Le SMS annonçait : « Nous recherchons encore 10 volontaires pour tester nos nouveaux appareils auditifs gratuitement ». Un lien menait à un questionnaire. Le nom qui s’affichait, était celui que je n’utilise que pour mon fournisseur d’Internet. Ainsi, je comprends que ce démarchage provient de l’achat de fichier bien documenté. Il est écrit qu’il faut que je réponde à deux questions pour vérifier mon éligibilité. Je m’exécute. « Avez-vous une mutuelle » et « à quelle fréquence avez-vous des difficultés à écouter ». J’envoie mes réponses par un simple clic sur l’écran de mon smartphone. A peine une minute plus tard, mon téléphone sonne et on me propose de répondre à quelques questions pour prendre rendez-vous chez un audioprothésiste. Mon interlocutrice se présente comme l’assistante de l’audioprothésiste. Elle me pose d’abord un certain nombre de questions sur mon âge, mes difficultés d’audition, mon appréciation sur celles-ci et leurs circonstances. Puis elle me demande dans quelle ville et quel arrondissement j’habite. Elle me propose alors plusieurs adresses d’audioprothésistes, tous de la même enseigne. Le jour dit, je me rends au rendez-vous. Pour avoir fait un test récemment, je sais que mon audition a baissé mais de façon raisonnable pour mon âge. Toutefois, je ressens une gêne réelle dans le bruit. L’audioprothésiste me reçoit, me pose différentes questions sur mes difficultés d’audition, vérifie mes tympans et me propose de mettre un casque pour les différents tests. Elle m’explique les tests de façon détaillée. A la fin, elle me rassure et me détaille mes résultats. Mon audition est normale. J’insiste un peu en disant qu’elle n’a pas testé dans le bruit mais elle sourit et me dit qu’avec mes résultats, ce test n’est pas nécessaire et que je n’ai pas besoin d’être appareillée. C’est la réponse que devrait apporter tout audioprothésiste sérieux dans pareil cas. Elle imprime mes résultats et me propose de me recontacter dans un an pour vérifier que tout va toujours bien.
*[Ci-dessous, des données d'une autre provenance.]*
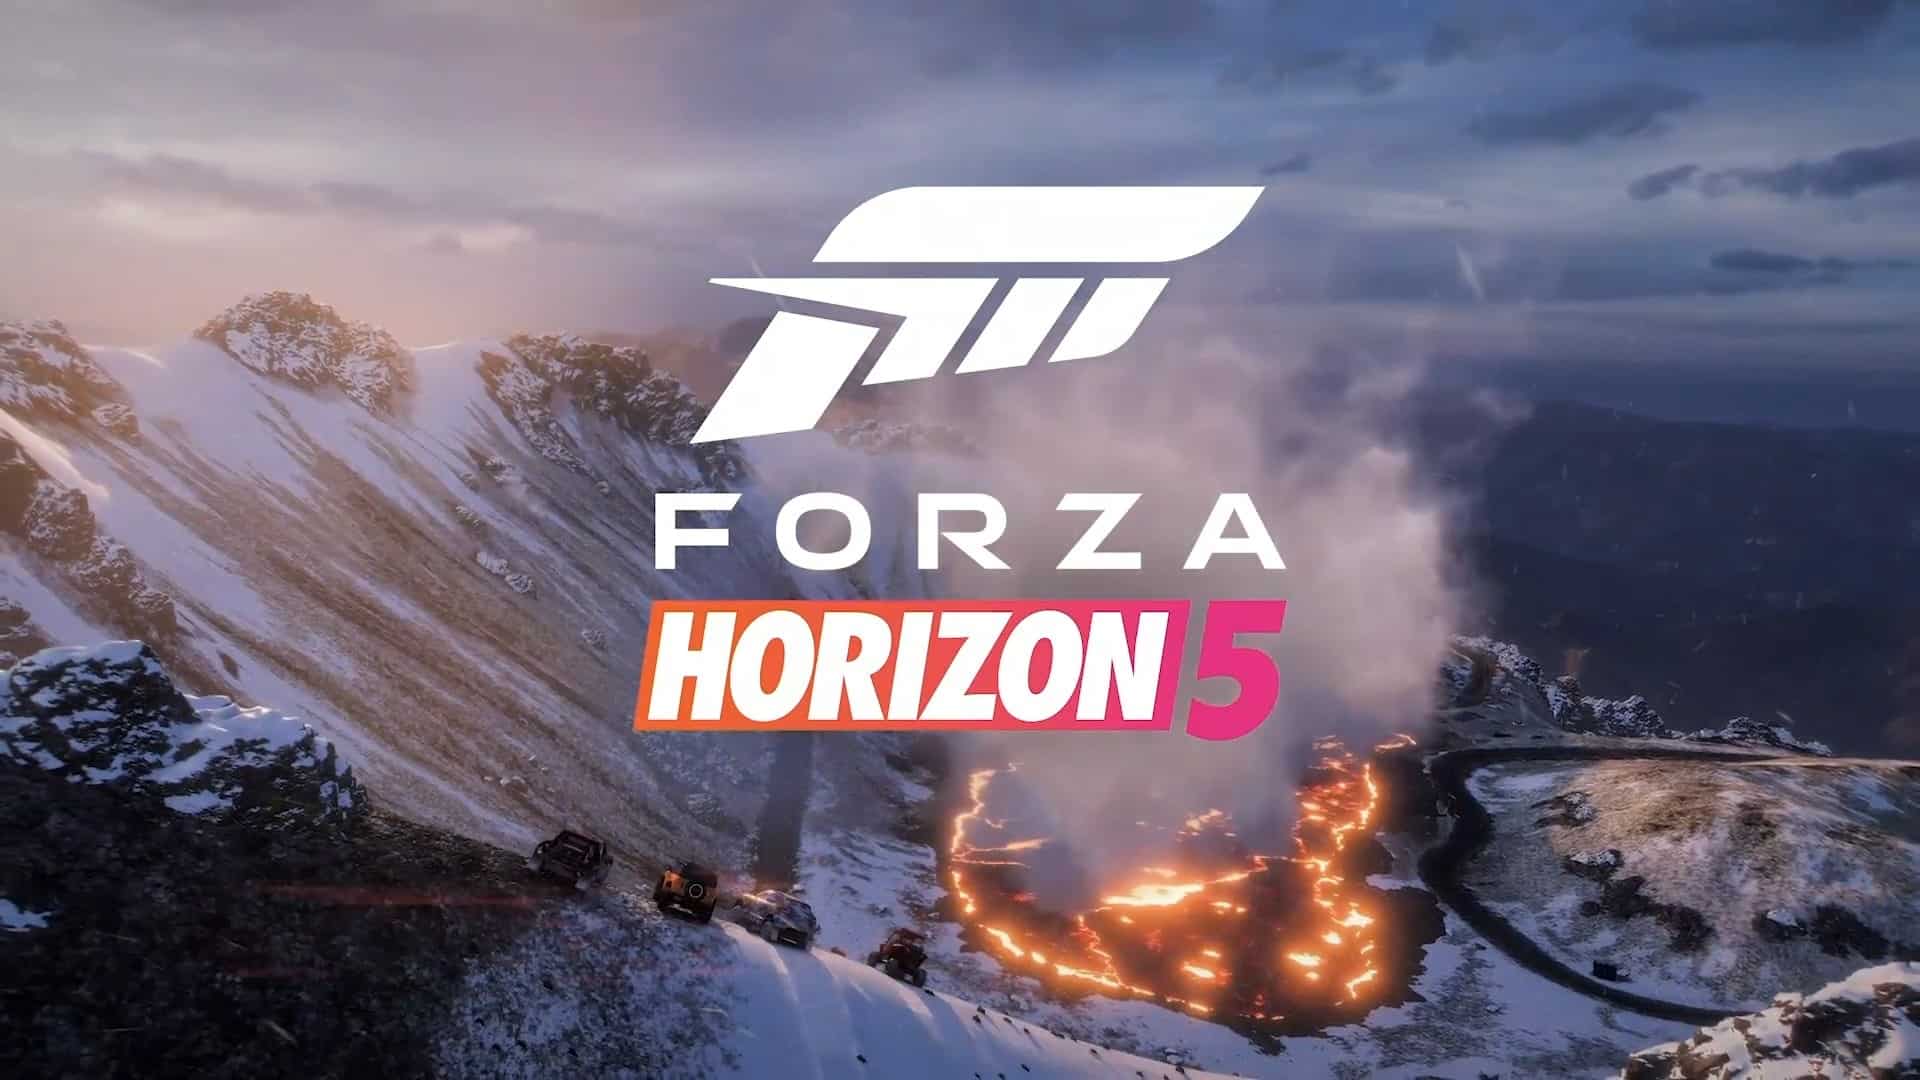 Experimenterar du Forza Horizon 5?  Följ!  Brain shoulder haver-demo!

Je lui demande si elle sait comment j’ai été recrutée mais elle n’en sait rien. Mon numéro lui a été transmis par sa responsable.
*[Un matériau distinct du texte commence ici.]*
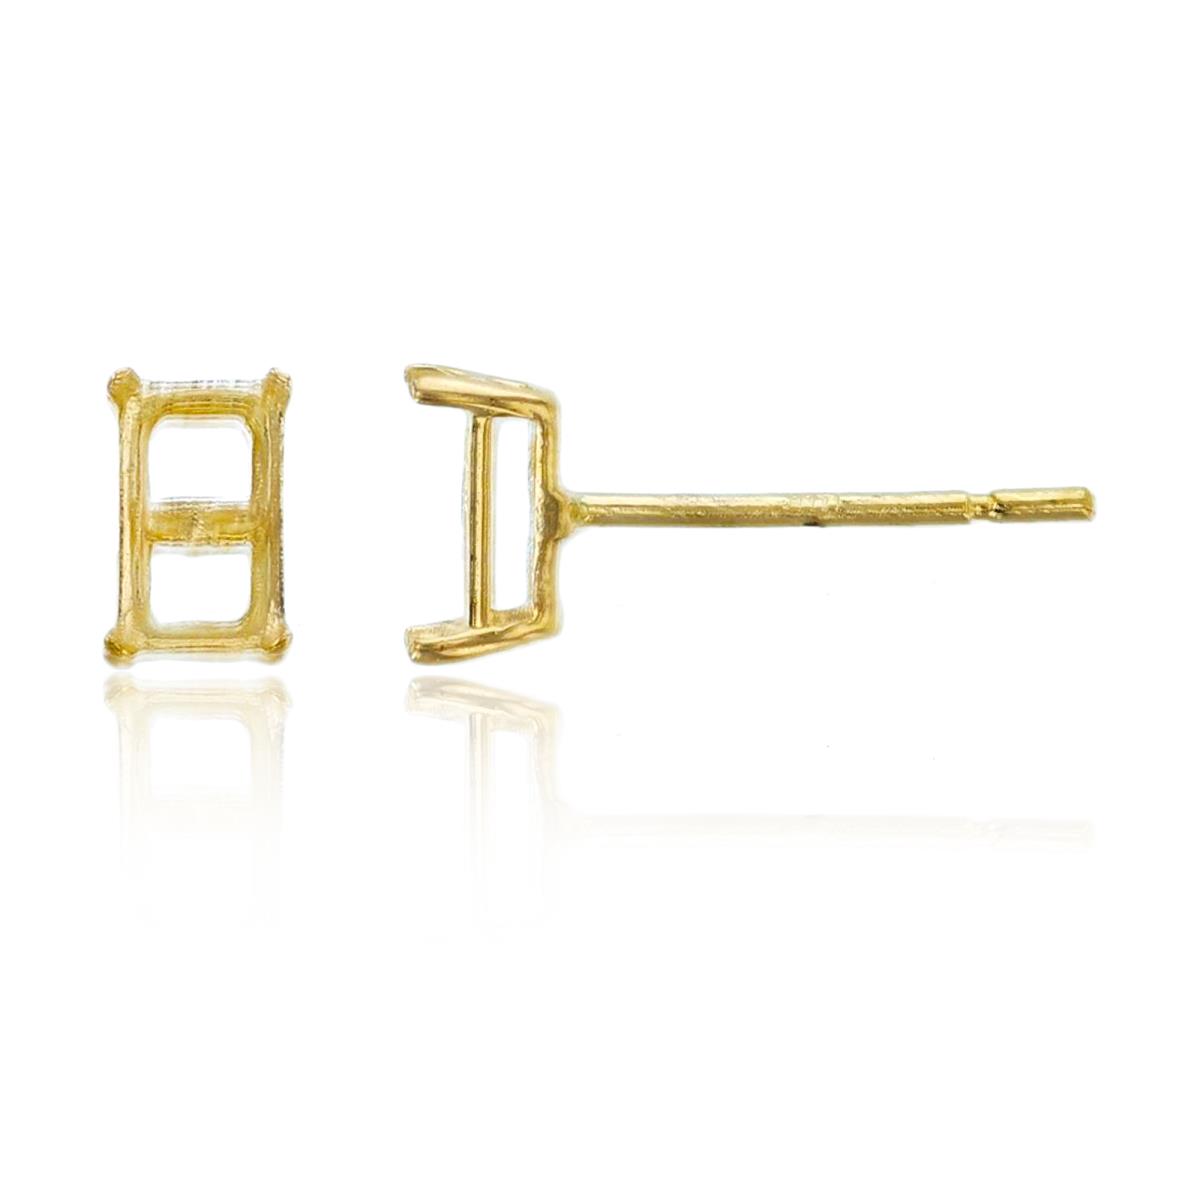 10K Yellow Gold 5x3mm Octagon Basket Stud Earrings-1PR. No stones.

Une approche mensongère mais des audioprothésistes la plupart du temps sérieux
Bien que le message d’accroche fût clairement hors la loi et mensonger, le rendez-vous a été tout à fait correct et professionnel. L’audioprothésiste m’a bien expliqué ses démarches et ne m’a pas poussée à l’achat. L’investigation réalisée lors d’un démarchage téléphonique a donné le même résultat, une approche douteuse avec à la fin un audioprothésiste sérieux.
Reste que, selon certains témoignages, ce n’est pas toujours le cas. Il convient donc de rester sur ses gardes et de privilégier une démarche directe en cas de doutes sur son audition, consulter un ORL ou pousser la porte d’un audioprothésiste.